For Jacob the last seven years of exile were a burden, and yet, these were also the most fruitful years. In them, Jacob will father 11 of the 12 children who will become the ancestors of God’s people.
This section constitutes the center of Jacob’s story (Genesis 25:19-35:26), and it begins and ends with the key phrase God “opened her womb,” referring to Leah (Genesis 29:31) and to Rachel (Genesis 30:22). Each time this statement is followed by births, the evidence is that these births are the result of God’s miraculous action.
Read Genesis 29:31-30:22. How are we, today, to understand the meaning of what takes place here?
God opened Leah’s womb, and she had a son Reuben, whose name contains the verb ra’ah, which means to “see.” Because God “saw” that she was unloved by Jacob (Genesis 29:31), this child was compensation for her in her pain and suffering.

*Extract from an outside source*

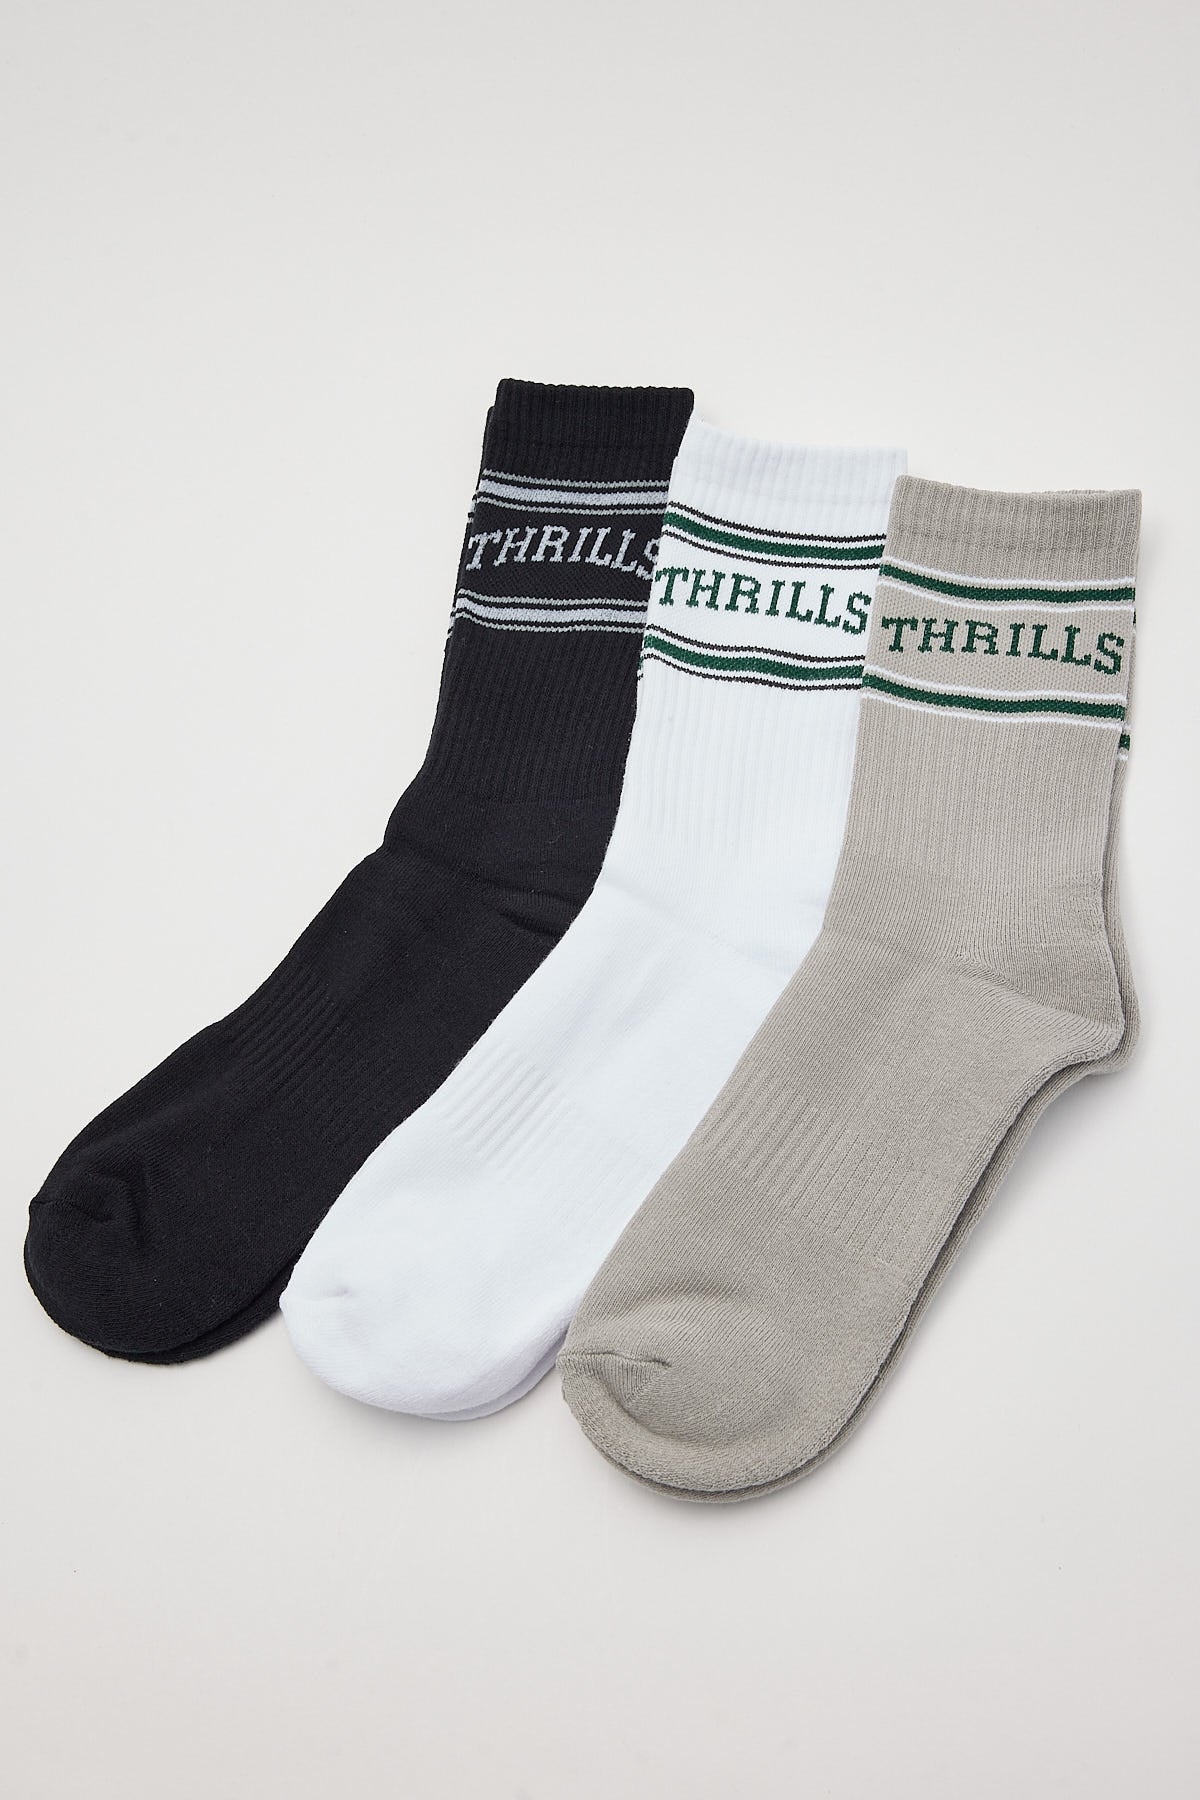 Thrills Believe 3 Pack Sock White/Quiet Grey/Black

In addition, she gives the name of Simeon, which contains the verb shama‘, “heard,” to her second son, because God had “heard” (shama‘) the depth and the humiliation of her pain and, thus, had pity on her just as He had heard Hagar’s affliction (Genesis 29:33).
Leah’s son “Simeon” will also resonate with the name of Hagar’s son “Ishmael,” which means “God will hear” (see Genesis 16:11). When Leah gives birth to her last son, she calls him Judah, which means “praise.” Leah does not refer to her pain or even her blessing anymore. She just focuses on God and praises Him for His grace.
Strangely, it is only when Leah cannot give birth again that God “remembers” Rachel and opens Rachel’s womb (Genesis 30:22). Rachel, the loved wife, had to wait seven years after her marriage, and 14 years after her betrothal with Jacob, to have her first son (Genesis 29:18, Genesis 29:27; compare with Genesis 30:25). She gave him the name of “Joseph” to signify that God had “taken away [’asaf] my reproach” and “shall add [yasaf] to me another son” (Genesis 30:23-24, , NKJV). However wrong some of these actions were, God was still able to use these actions, even if He didn’t condone them, in order to create a nation from the seed of Abraham.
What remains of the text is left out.